Besides the bombs, casual reminders that World War II and the Holocaust happened are ubiquitous.
Hamburg University, for instance, is located in a formerly Jewish part of the city – former, because of the Holocaust. Besides beautiful white houses built in art noveau style and a noticeable increase in Stolpersteine in this area, many tributes to fallen Jews quietly remind passers-by of the country’s dark past.
Various signs commemorate the former site of the largest synagogue in northern Germany. On November 9, 1938, known as the “Night of Broken Glass” (Kristallnacht or Pogromnacht in German), the synagogue was set on fire. The damage was bad enough that it had to be torn down. The plaza it once stood on has been left empty as a reminder of the loss.

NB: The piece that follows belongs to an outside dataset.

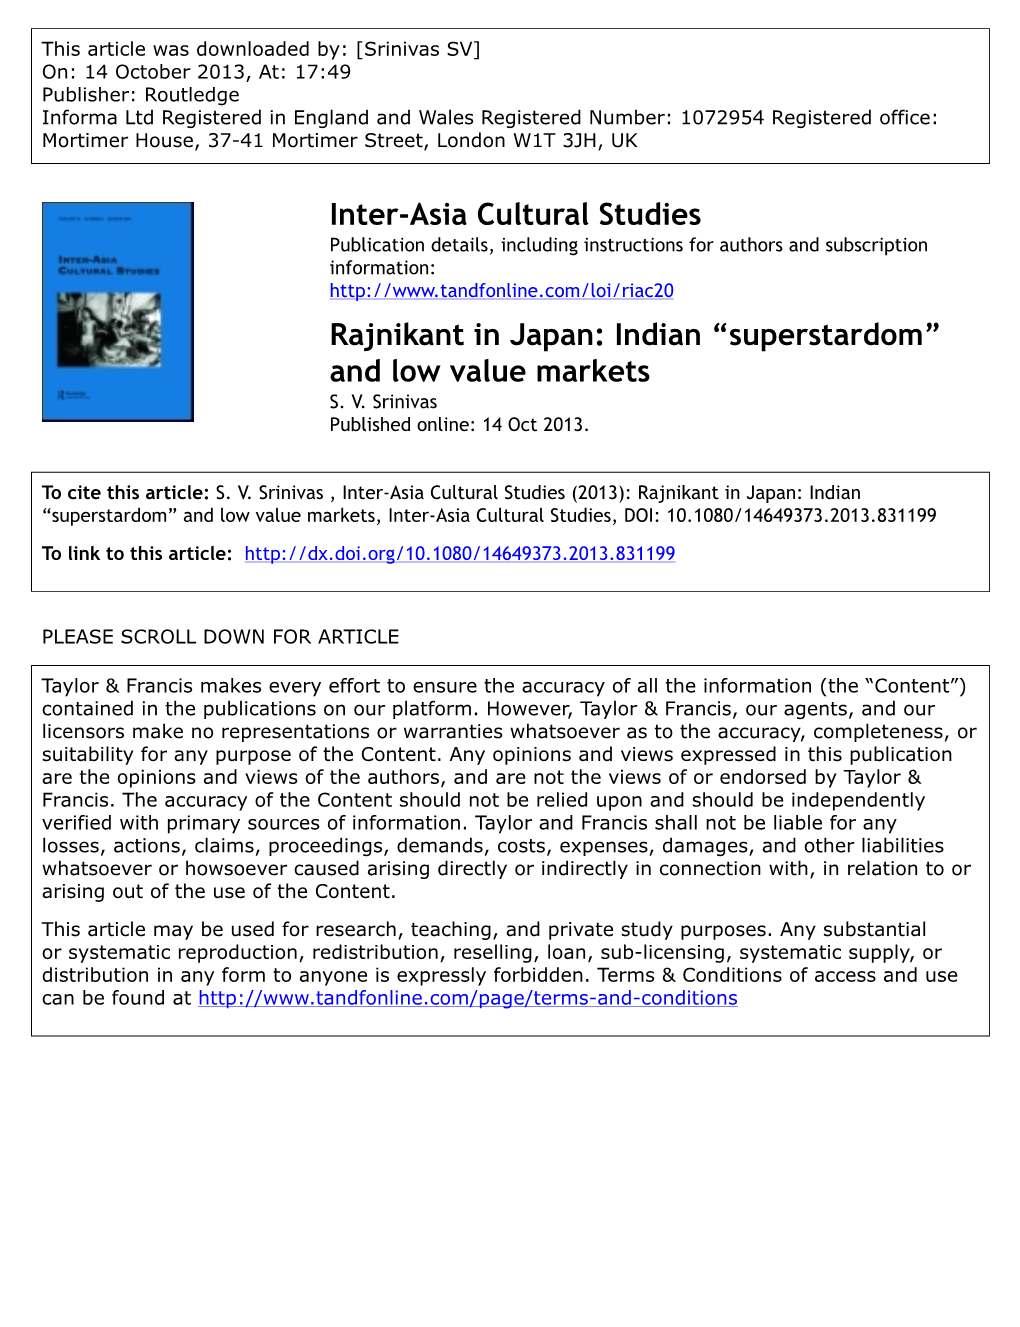 Inter-Asia Cultural Studies Rajnikant in Japan: Indian
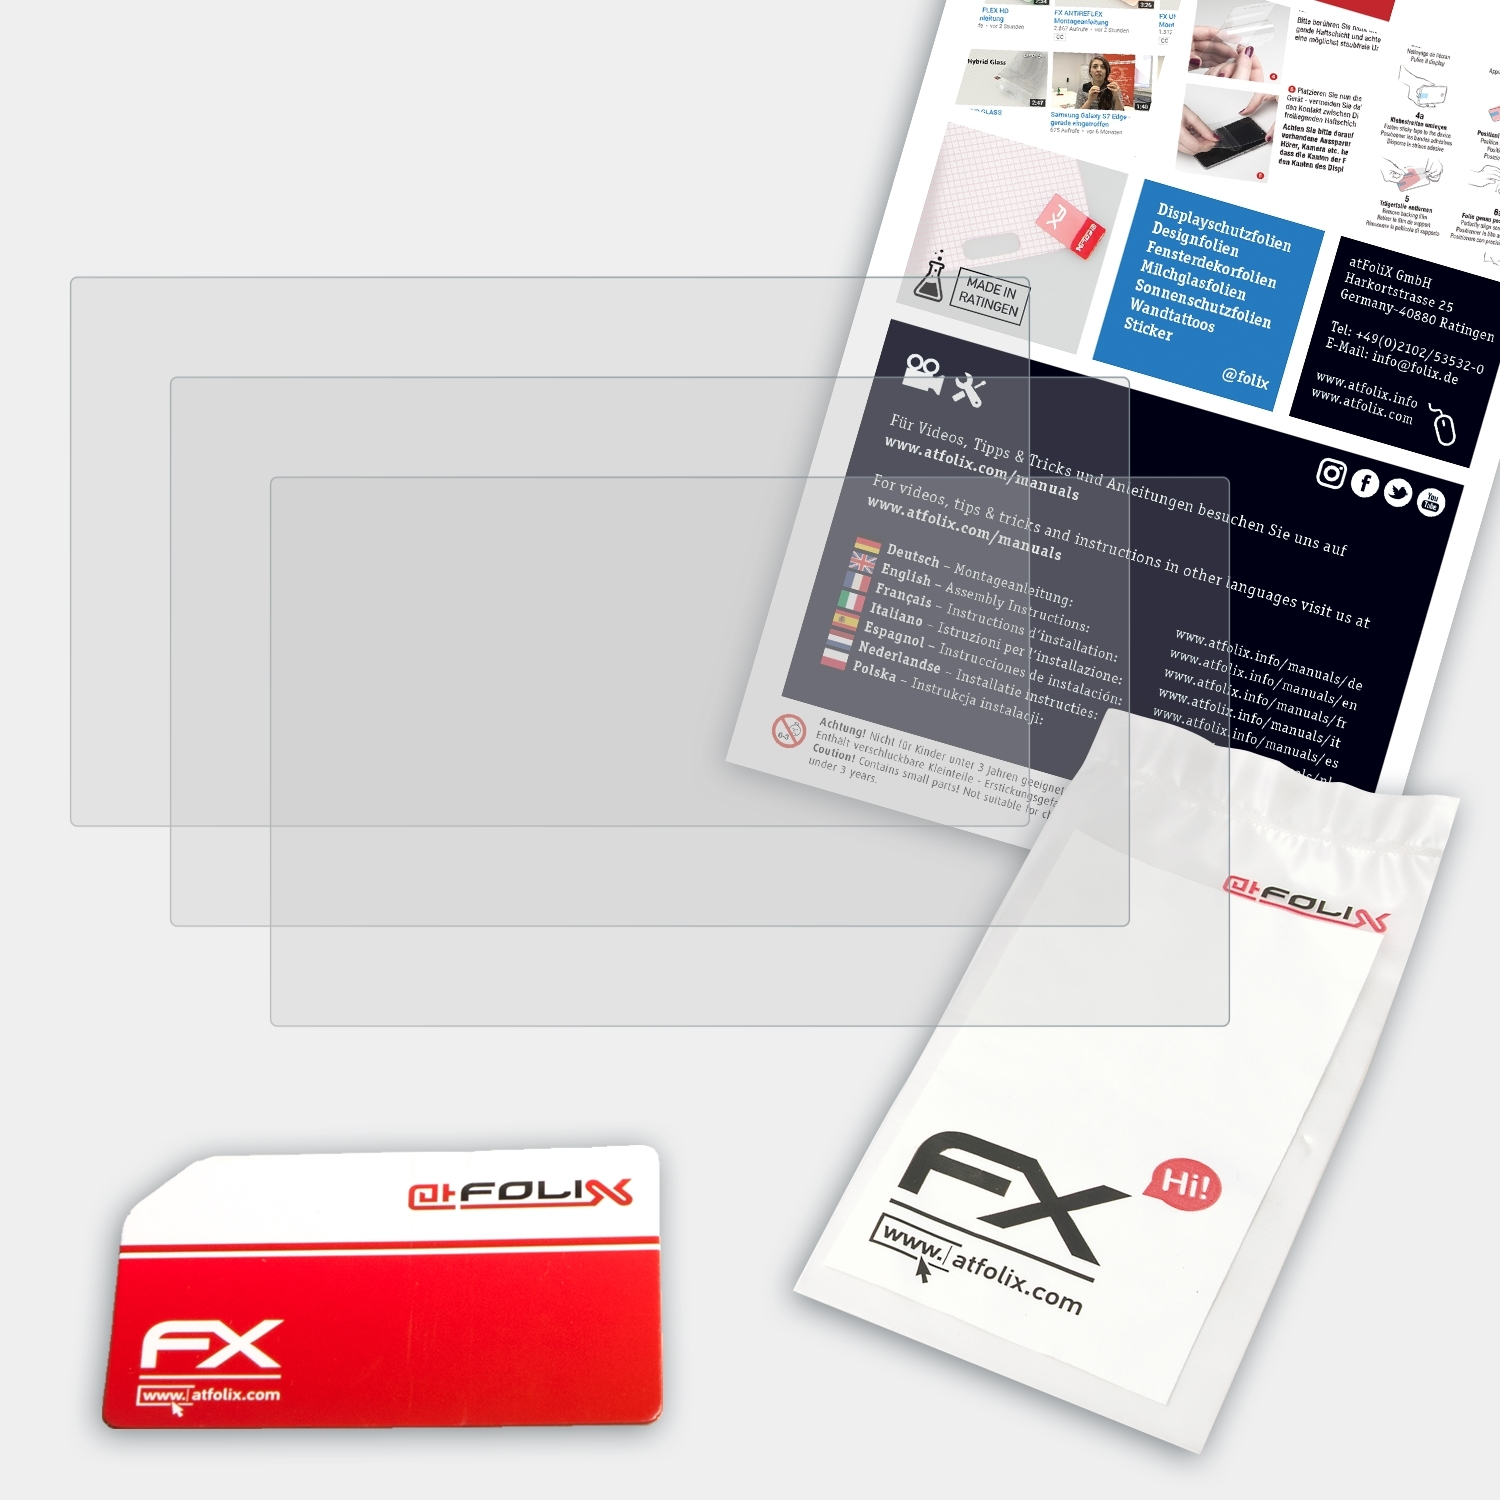 ATFOLIX 3x FX-Antireflex Displayschutz(für TomTom Basic (5 GO inch))

Despite all of these little reminders of the past, Germans don’t actually talk about the Holocaust that much, because – well – there isn’t really that much more to be said. It is a shameful part of their history that destroyed the German national identity for several decades, and the resulting distrust of patriotism still lingers today. But, as I pointed out to one of my friends, most Americans probably don’t engage in deep thoughts or conversations about the genocide of the Native Americans every time they drive through an Indian reservation or pass by a city with a name like Seattle or Puyallup. People are still mostly focused on their daily lives – going to work, going to the store, meeting with friends. Yes, every German child has to learn about the Holocaust in school, and no, it won’t be forgotten. But it has also been 70 years, so although that part of history is still tangible and visible in everyday life, it has faded to the background of most peoples’ consciousness. Germany will never forget, but it’s not something Germans dwell on every day, either.